Sept. 17 (Bloomberg) -- Companies including Royal Dutch Shell Plc’s Nigerian unit aren’t subject to U.S. lawsuits by foreigners seeking damages for human rights violations, a federal appeals court in New York ruled.
A panel of the court ruled 2-1 today that the Alien Tort Statute gives U.S. courts jurisdiction over alleged violations of international law by individuals only, not by corporations.
The decision dismisses claims by a group of Nigerians that Shell aided in the torture and murder of dissidents in Nigeria in the 1990s, including the playwright Ken Saro-Wiwa.
“The principle of individual liability for violations of international law has been limited to natural persons -- not ‘juridical’ persons such as corporations -- because the moral responsibility for a crime so heinous and unbounded as to rise to the level of an ‘international crime’ has rested solely with the individual men and women who have perpetrated it,” Judge Jose Cabranes wrote on behalf of the two-judge majority.
Cabranes said that the Alien Tort Statute, enacted in 1789, allows U.S. courts to hear death and injury claims by non-U.S. citizens connected to violations of international law, including war crimes and crimes against humanity.
“This is going to alter the landscape of existing and contemplated cases,” said Jonathan C. Drimmer, a partner at Steptoe and Johnson LLP, who lectures on the subject at Georgetown University Law Center in Washington. “Assuming this ruling stands, and even while it remains in effect, there are going to be motions to dismiss Alien Tort Statute claims cases by corporations.”
Drimmer said the case may be reconsidered by the entire appeals court, which reviews decisions from federal courts in New York, Vermont and Connecticut.
Circuit Judge Pierre N. Leval wrote a separate opinion in which he agreed that the case should be dismissed but disagreed that the Alien Tort Statute applies only to individuals.
“The majority opinion deals a substantial blow to international law and its undertaking to protect fundamental human rights,” he wrote. “According to the rule my colleagues have created, one who earns profits by commercial exploitation of abuse of fundamental human rights can successfully shield those profits from victims’ claims for compensation simply by taking the precaution of conducting the heinous operation in the corporate form.”
He agreed that the case should be dismissed, saying the plaintiffs didn’t properly claim Shell intended to cause the Nigerian government to violate human rights.

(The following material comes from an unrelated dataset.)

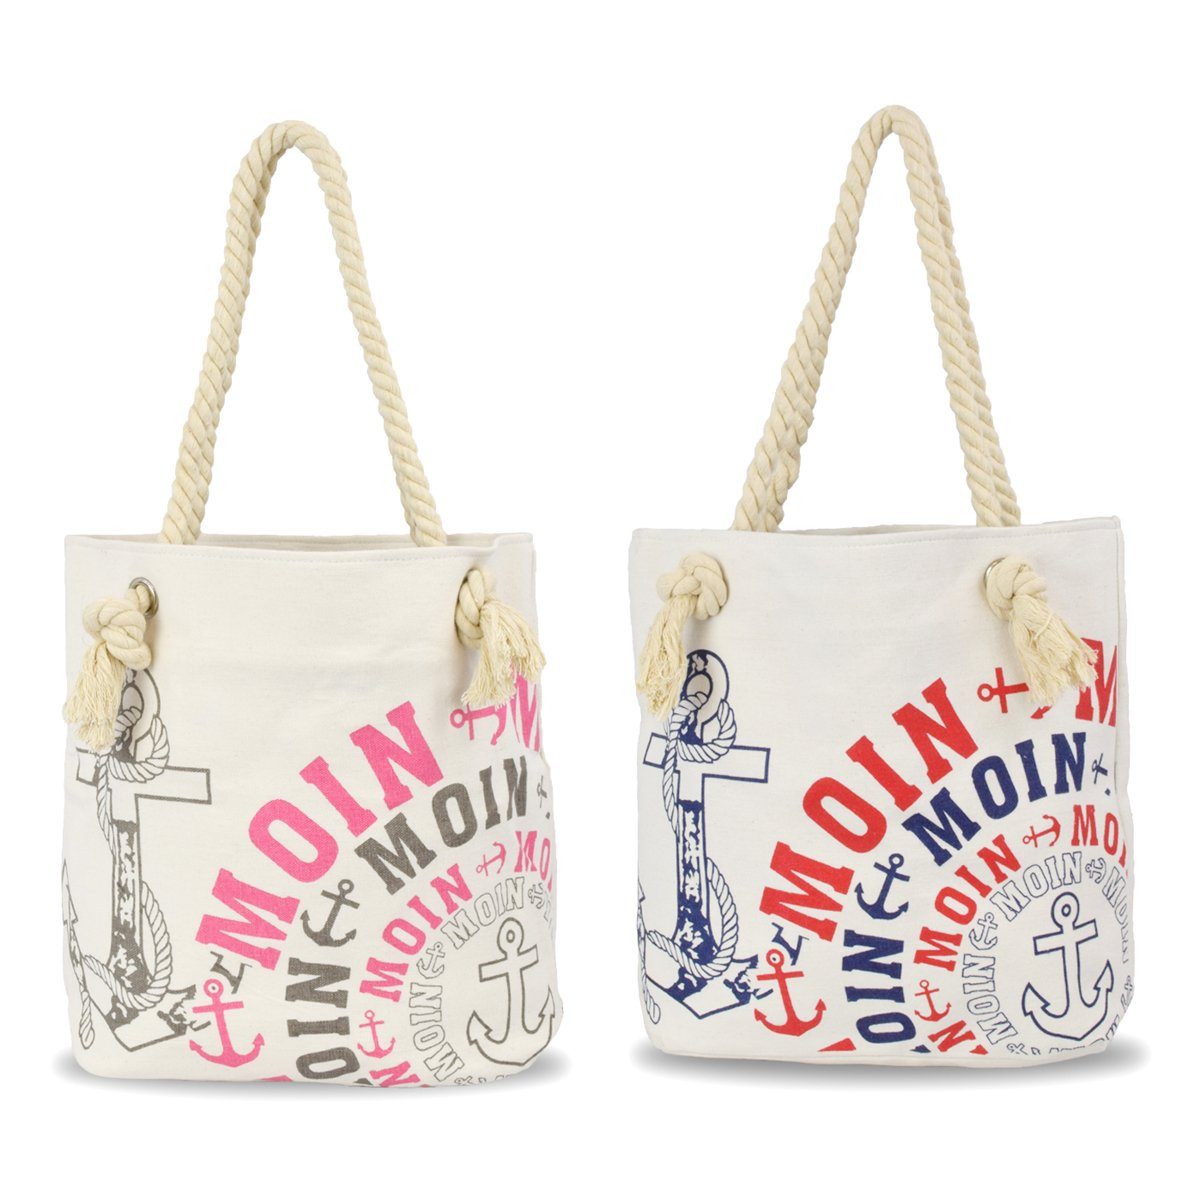 Einkaufstasche kleine Umhängetasche City Sonia "MOIN" Bag, grau-rosa Reißverschluss Tasche mit Originelli Innentasche Shopper

The case, filed in 2002, claimed that Royal Dutch Petroleum Co. and Shell Transport and Trading Co. aided the Nigerian government, through a Shell subsidiary in that country, in committing human rights abuses beginning in 1993.
The suit was filed by people in Nigeria’s Ogoni region. No individual was sued.
The suit claimed that Shell helped the Nigerian government in putting down Ogoni protests against oil production in the region through the use of extrajudicial killings, torture, arbitrary arrests, forced exile and destruction of property.
Paul L. Hoffman, a lawyer for the Nigerian plaintiffs, didn’t immediately reply to a voice-mail message seeking comment on the ruling.
“We agree with the decision of the court,” Shell spokesman Bill Tanner said.
The case is Kiobel v. Royal Dutch Petroleum Co., 0096-4800, 2nd U.S. Circuit Court of Appeals (Manhattan.)